Manufacturing sales in Alberta down 15.9%, StatsCan reports

Sales of products manufactured in Alberta dropped 15.9 per cent from the end of 2014 to the end of 2015, according to the latest figures from Statistics Canada.

Sales on upswing at end of 2015 in 7 other provinces

The sharp drop in the price of oil over the past year has resulted in a 15.9 per cent decline in manufacturing sales in Alberta, Statistics Canada reports. (Todd Korol/Reuters)

Sales of products manufactured in Alberta dropped 15.9 per cent from the end of 2014 to the end of 2015, according to the latest figures from Statistics Canada.

On a month-to-month basis — from November to December last year — sales dipped 2.4 per cent, mostly because of decreased activity in the petroleum and coal sectors.

The national picture was much brighter, with sales on the uptick in the last month of 2015 in seven provinces.

"In December, sales increased in the motor vehicle and wood products industries, representing over half of the national gain," Statistics Canada said in a release.

"Chemical products, miscellaneous products, ship and boat building, as well as other transportation equipment also posted higher sales, which accounted for almost one-third of the overall increase."

However, from 2014 to 2015, national manufacturing sales declined 1.5 per cent, the first annual dip since 2009 — a statistic skewed by Alberta's economic woes.

"The petroleum and coal products industry was mainly responsible for the downturn in 2015," Statistics Canada said.

"Sales in the industry fell 28.6 per cent, reflecting a 22.3 per cent drop in the average price of refined petroleum products.
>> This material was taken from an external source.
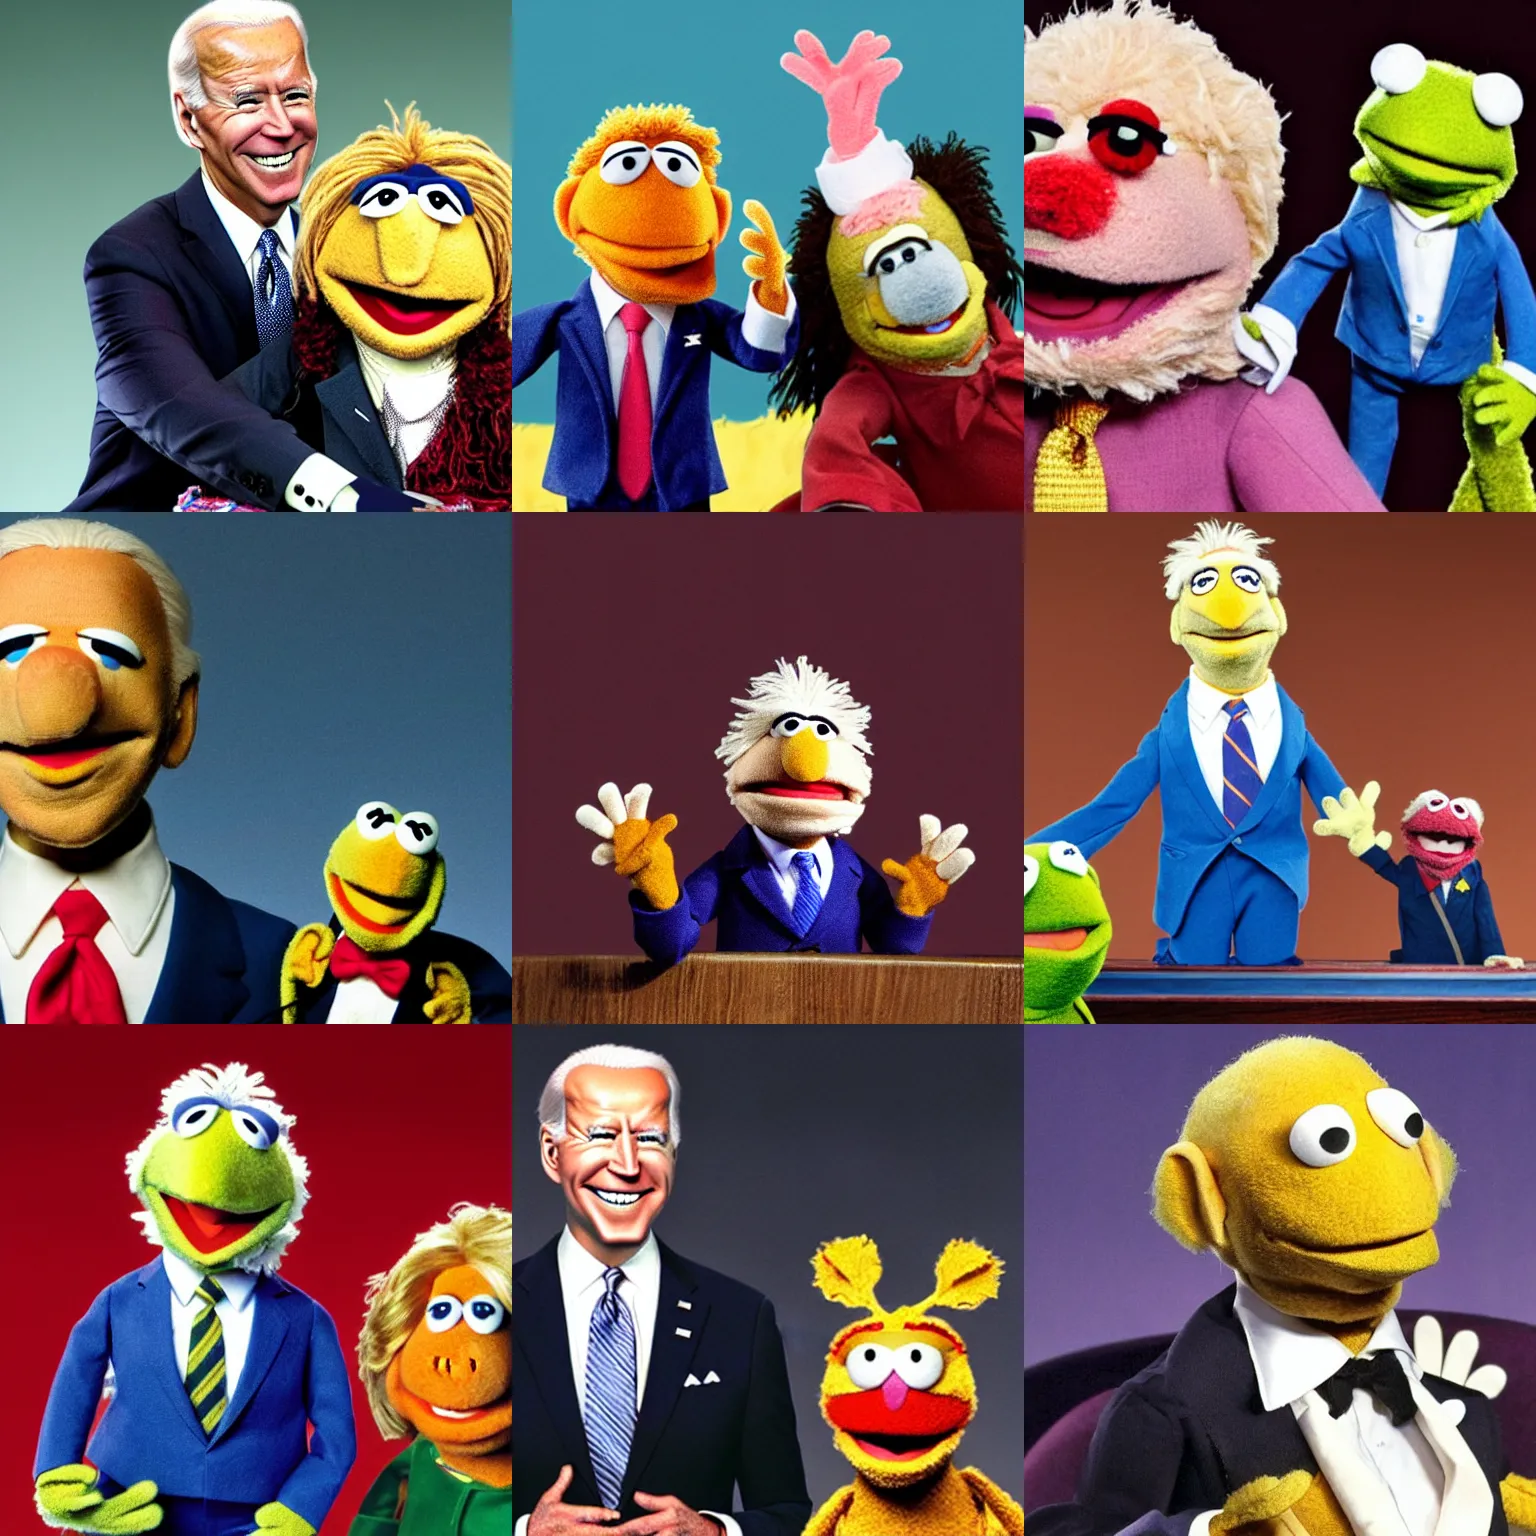 Prompt: Joe Biden as a muppet in the Muppet Show
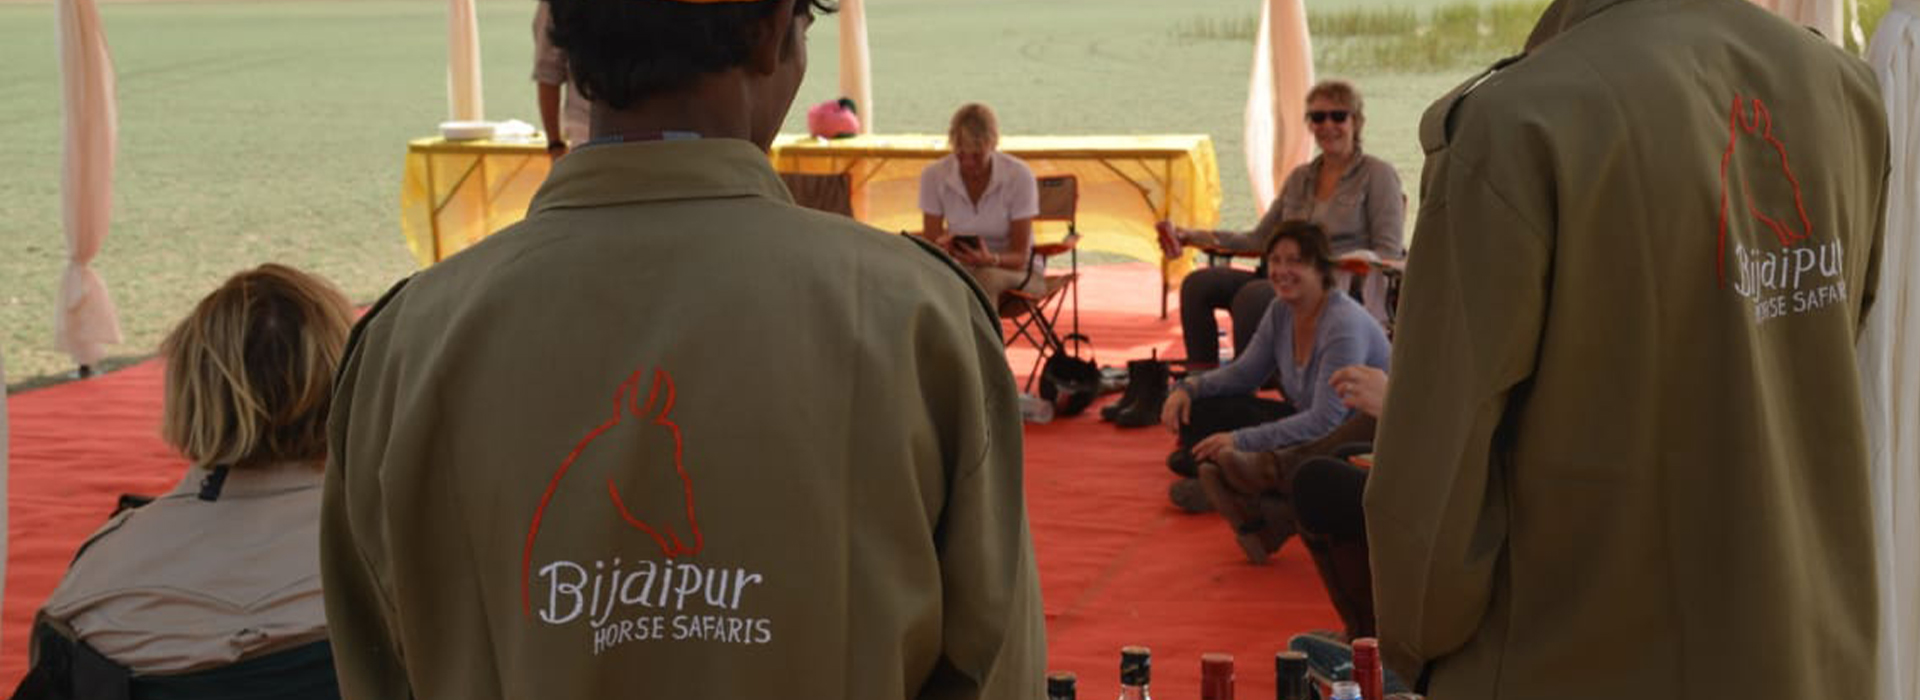 Bijaipur Horse Safaris

Excluding petroleum and coal products, manufacturing sales increased 2.6 per cent in 2015.

Effect of oil output freeze uncertain

An agreement announced Tuesday among Russia and OPEC members Saudi Arabia, Venezuela and Qatar to freeze oil production levels could boost the slumping price of oil, but only if the agreement is adhered to, said Jason Tuvey, a Middle East economist at Capital Economics

But according to Jamie Webster, senior director of oil markets at Washington D.C.-based consulting firm IHS, freezing production rates will have little effect on price at this point.

"The market is still oversupplied by about 1.2 million barrels a day. So, just freezing it there, particularly when nobody was really expecting them to grow anyways — that doesn't get us back to a balance," he said.